Исходя отсюда, пифагорейцы занялись дальнейшей разработкой музыкальной теории, куда мы за ними не последуем. Априорный закон поступательного движения и необходимости движения в числовых соотношениях представляет собою нечто совершенно темное. Это — поприще для путаных голов, так как всюду появляются, но и снова исчезают, намеки на понятия и поверхностные аналогии. Что же касается вообще дальнейшего развития взгляда на вселенную как на числовую систему, то и здесь обнаруживается, каких огромных размеров достигла путаница и темнота мысли у позднейших пифагорейцев. Прямо невероятно, сколько труда они потратили как на то, чтобы выразить философские мысли в системе чисел, так и на усилия понять те выражения, которые они получили от других, и на вкладывание в них всевозможных смыслов.

Там, где они определяли физические и нравственные явления посредством чисел, все превращалось у них в неопределенные и безвкусные соотношения, которым недоставало понятия. Но что касается древних пифагорейцев, то нужно сказать, что у нас остались лишь главные моменты их объяснений. Платон дает нам образчик такого представления о вселенной как о системе чисел, но Цицерон и более древние источники всегда называют эти числа платоновскими, и, по-видимому, они не приписывались пифагорейцам. Мы поэтому будем говорить об этом представлении ниже; их темнота уже во время Цицерона вошла в пословицу, и в них чрезвычайно мало древнего.

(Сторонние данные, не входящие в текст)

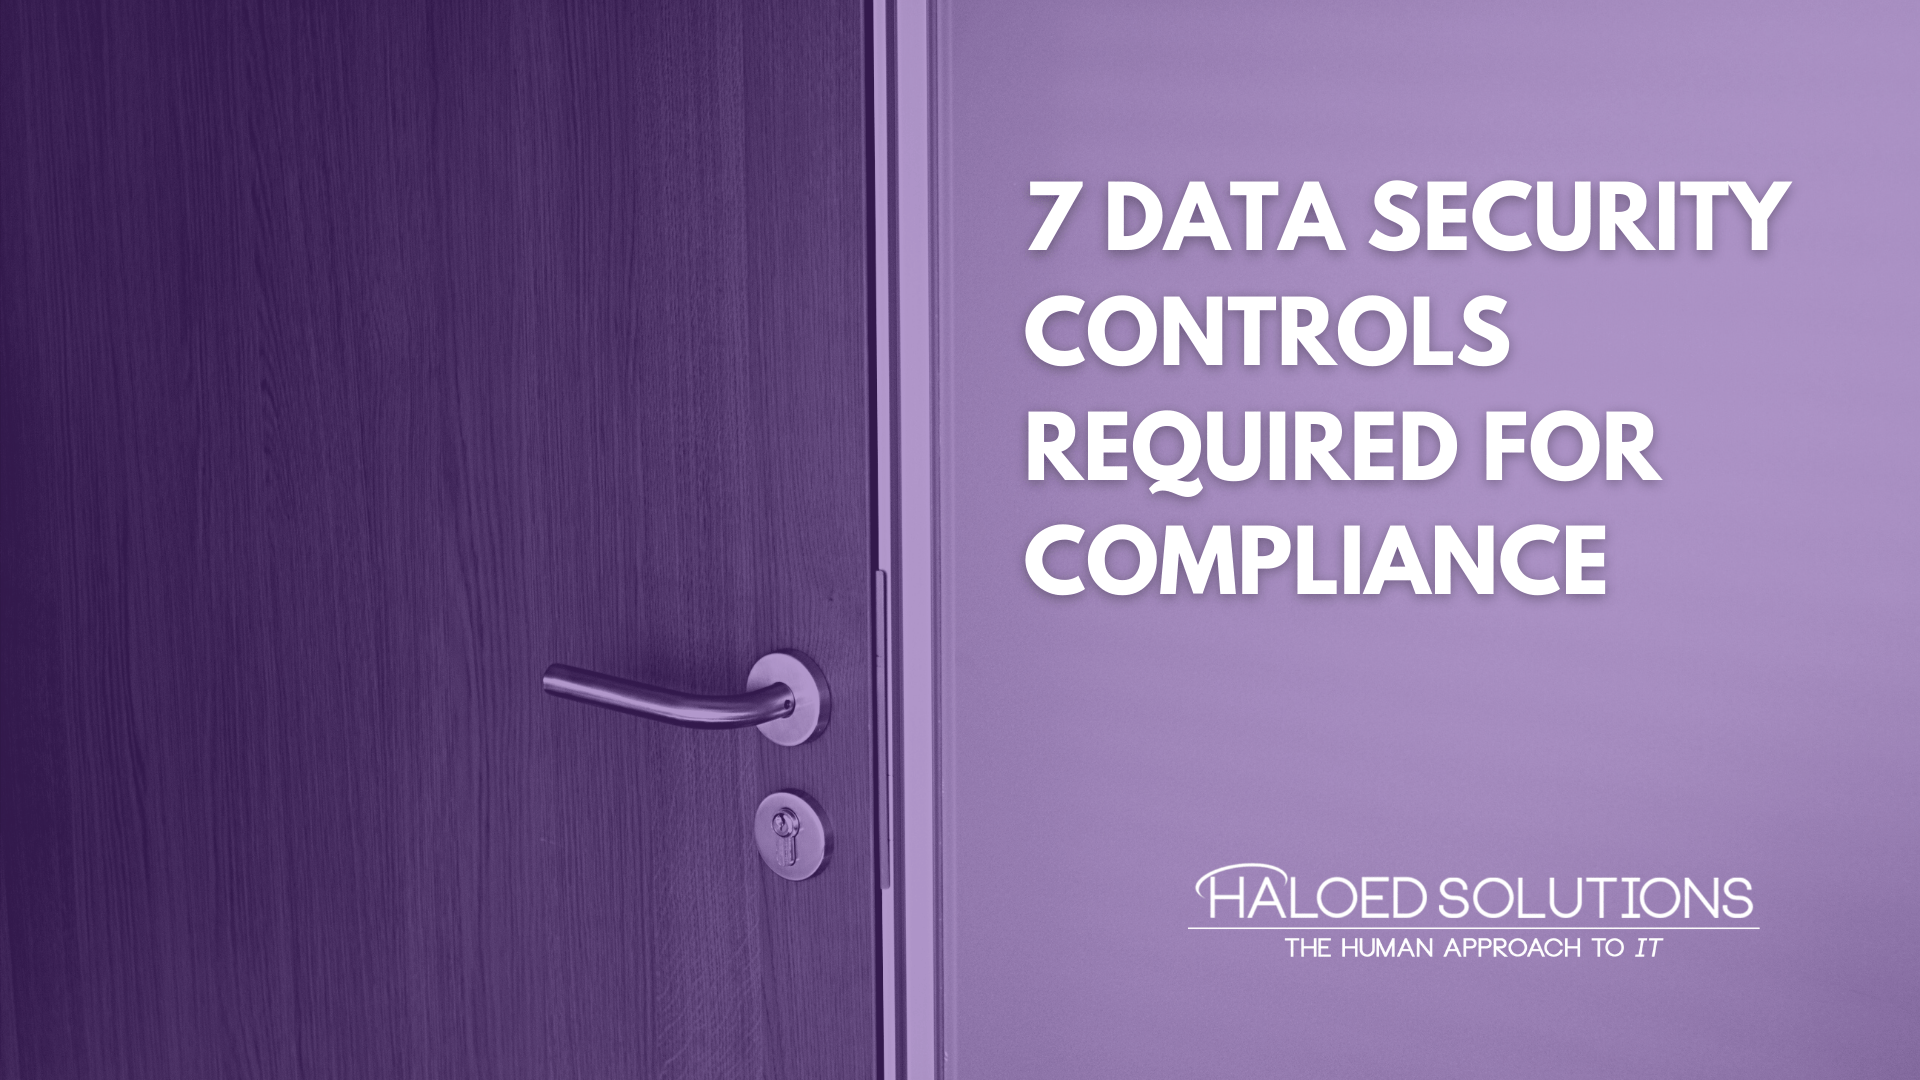 7 Data Security Controls Required for Compliance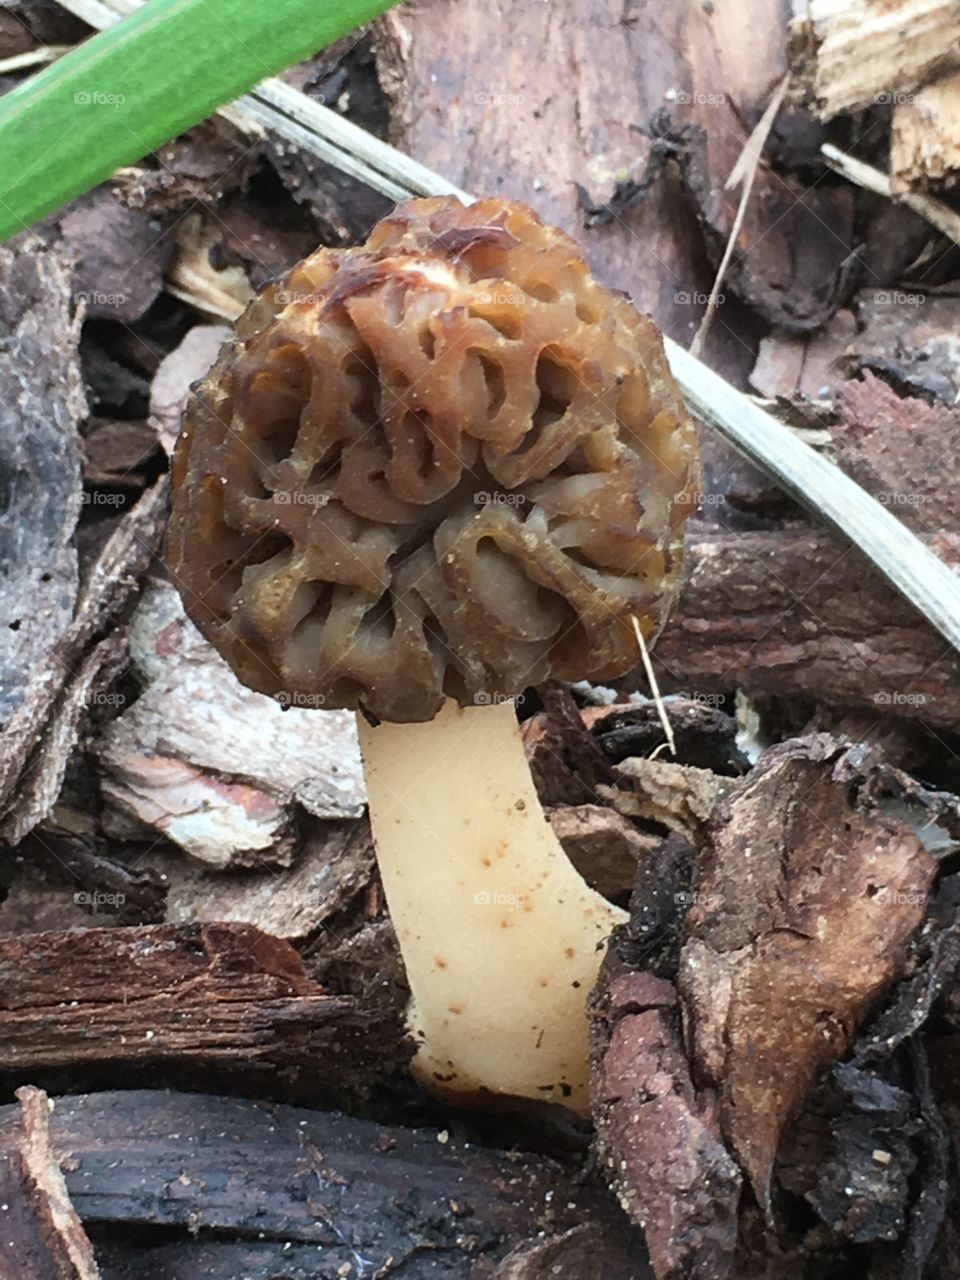 Unusual “brain mushroom” (fake morel also known as Gyromitra esculenta) surrounded by wood chip bark in front garden

с. Пифагорейцы, кроме того, сконструировали посредством чисел картину небесных тел видимой вселенной, и здесь сразу становится ясной скудость и абстрактность определения посредством чисел. Аристотель говорит (Met., 1, 5): «Так как они определяли числа как начала всей природы, то они подводили под числа и их соотношения все определения и части неба и всей природы, и там, где что-либо не совпадало, они старались восполнить этот недостаток, чтобы получилось совпадение; так как, например, число десять казалось им наиболее совершенным, обнимающим всю природу чисел, то они говорили, что движущихся на небе сфер также десять, но так как мы видим только девять таких сфер, то они выдумали десятую, Противоземлю (αντίχθονα)». Эти девять сфер суть: во-первых, млечный путь, или неподвижные звезды, затем семь звезд, которые все считались тогда планетами, а именно Сатурн, Юпитер, Марс, Венера, Меркурий, Солнце и Луна, и, в-девятых, Земля; десятой сферой является, таким образом, Противоземля, относительно которой мы должны оставить нерешенным вопрос, мыслили ли ее пифагорейцы как скрытую от нас противоположную сторону земли или как совершенно другое мировое тело.

Относительно более точного определения физической природы этих сфер Аристотель (De coelo, II, 13 и 9) говорит: «В центре пифагорейцы помещали огонь; Землю же они рассматривали как звезду, обращающуюся по кругу вокруг этого центрального тела». Этот круг представляет собою сферу, которая, как наиболее совершенная из всех фигур, соответствует числу десять. Здесь имеется известное сходство с нашими представлениями о солнечной системе; но они не считали этим огнем солнце. «Они держались при этом, — говорит Аристотель, — не чувственной видимости, а оснований». Мы также делаем заключения согласно основаниям против чувственной видимости, и у нас тоже это приводится как первый пример того, что вещи в себе не похожи на то, чем они являются. «Этот огонь, находящийся в центре, они называли стражем Зевса. Эти десять сфер, как и все движущееся, издают звук, но каждая из них издает особый звук, соответственно различию ее величины и скорости. Последняя определяется различными расстояниями, находящимися в гармоническом отношении друг к другу, соответственно музыкальным интервалам, вследствие чего возникает гармонический голос движущихся сфер, гармонический мировой хор».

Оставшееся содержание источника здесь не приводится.